# Hi from Australia!!!



## jiffers328 (May 29, 2008)

welcome!!!

i love quater horses!!
i have a quarab myself!!!


----------



## simmo (May 29, 2008)

Hi there , Im new here too. been having a look around ,lots to read,
hope you enjoy. 
cheers


----------



## PoptartShop (Jul 25, 2010)

Welcome to the Horse Forum!  Have fun posting.


----------



## buckaroo2010 (Nov 7, 2007)

Welcome!


----------



## PaintHorseMares (Apr 19, 2008)

Welcome from the Paint mares


----------



## Filly213 (May 26, 2008)

i used to have a palomino quarab myself! and he was beautiful! 
thanks everyone for making me feel welcome!


----------



## Janine (May 28, 2008)

Welcome


----------



## jiffers328 (May 29, 2008)

welcome!!


----------



## Barebackrider (Feb 13, 2009)

Hi and welcome I'm new here to so I hope you like the forum as much as I do.I have three horses and want to get one of my mares pregnant.

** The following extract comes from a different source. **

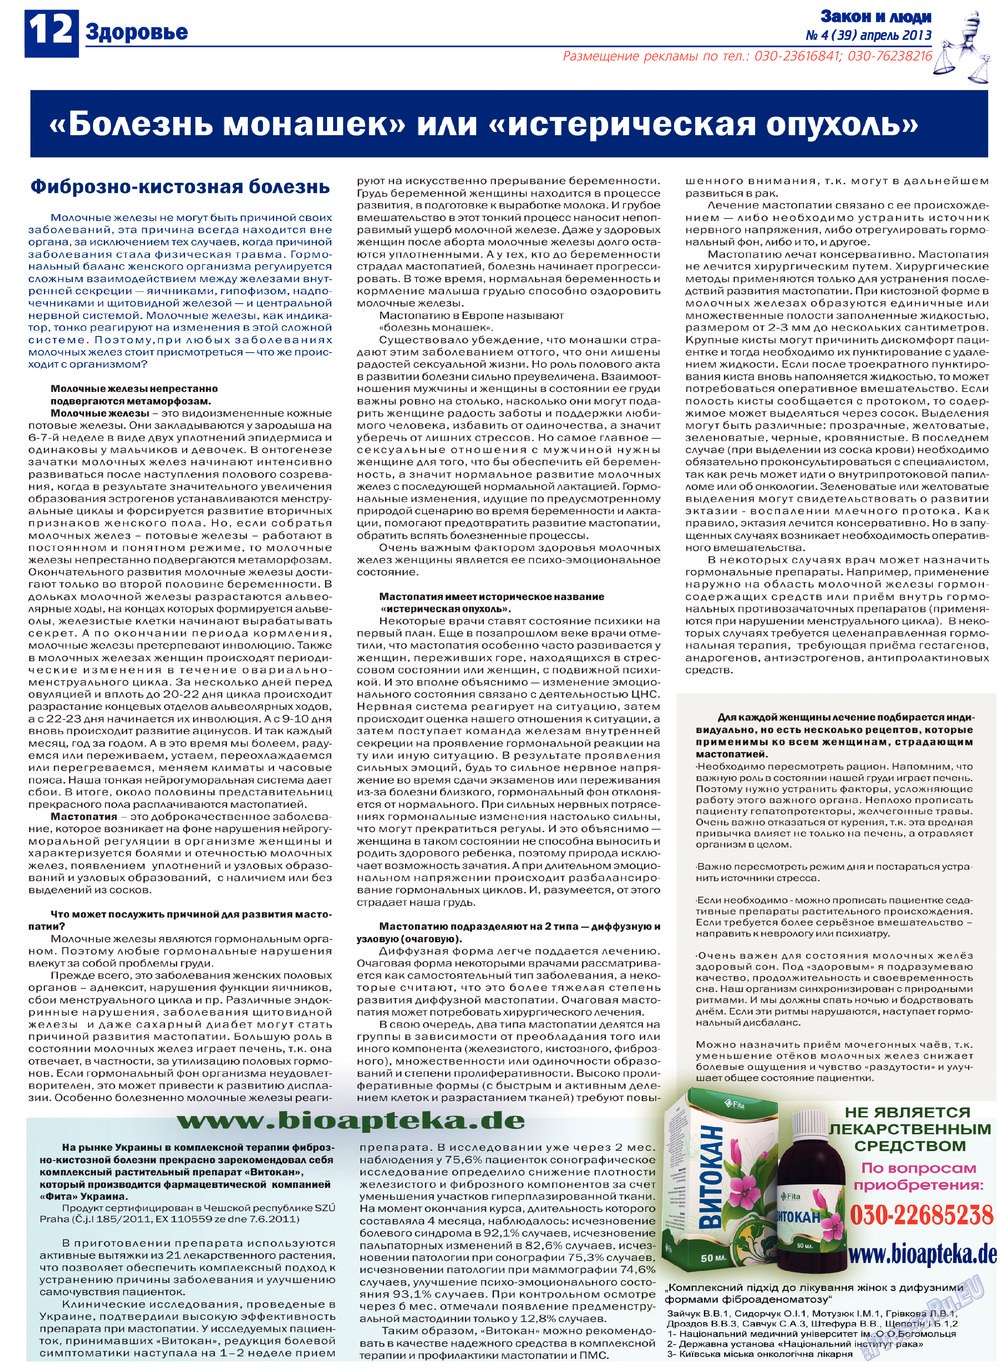 Закон и люди, газета. 2013 №4 стр.12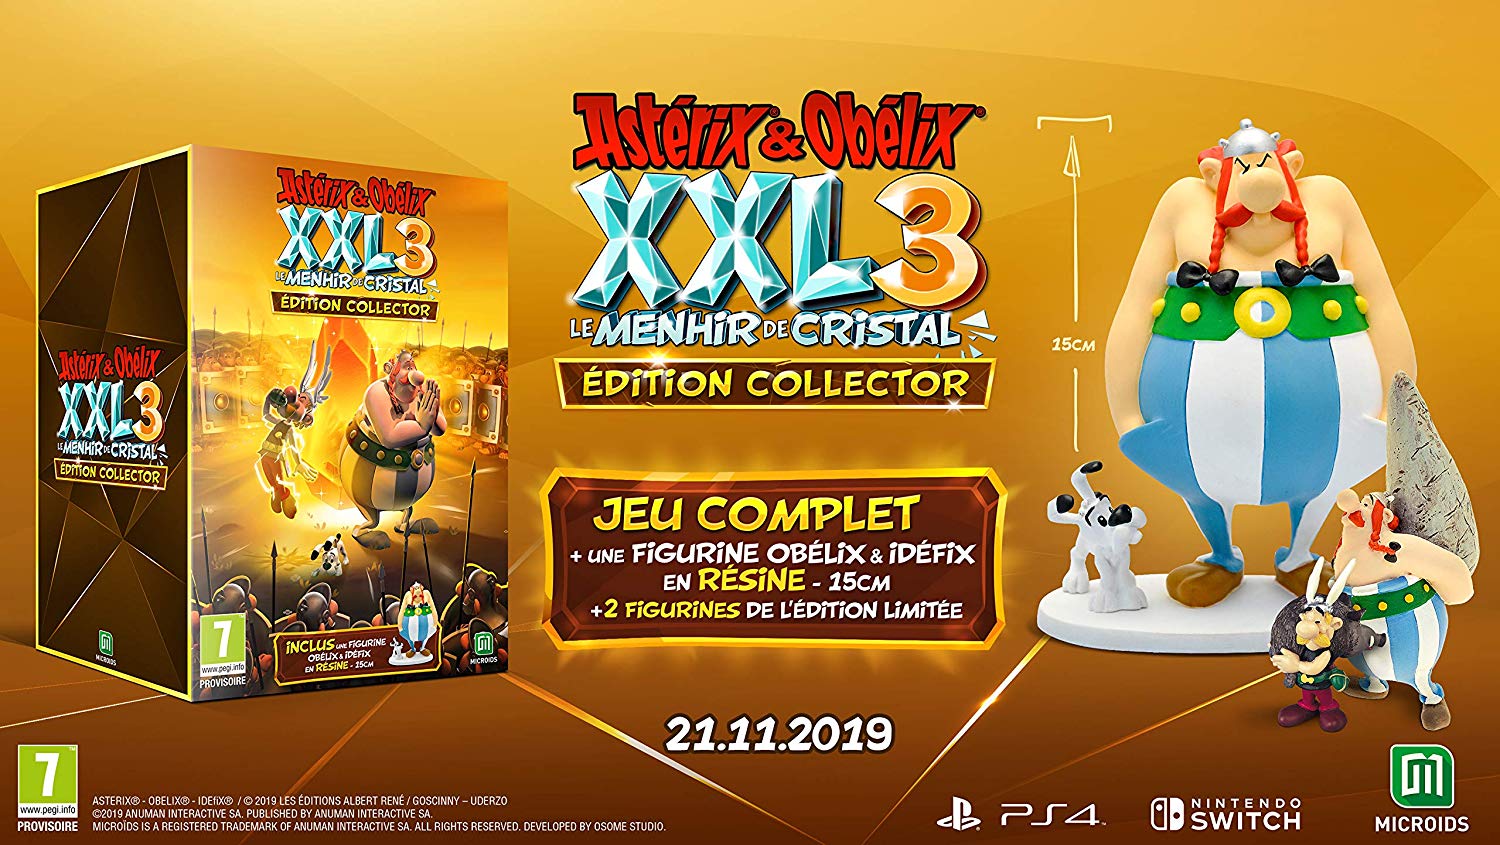 Asterix & Obelix XXL 3: The Crystal Menhir menghantam Eropa pada 21 November 2019, Edisi Kolektor diungkap

horses are a passion riding is a life 
Ireland P.S I'm from Australia to.


----------



## Barebackrider (Feb 13, 2009)

Hi and welcome I have three horses a quarter stock arabX a Welsh mountain pony a arab stock arabX the last one and the first are nuts.
Good luck, 
Horses are a passion riding is an art 
Ireland


----------



## RusticWildFire (Jul 6, 2008)

Welcome to the forum! Have fun posting


----------



## Kentucky (Aug 2, 2008)

Welcome ma'am and enjoy the ride


----------



## makin tracks (Jan 25, 2009)

Yippee, we're getting a good Aussie contingent here now.


----------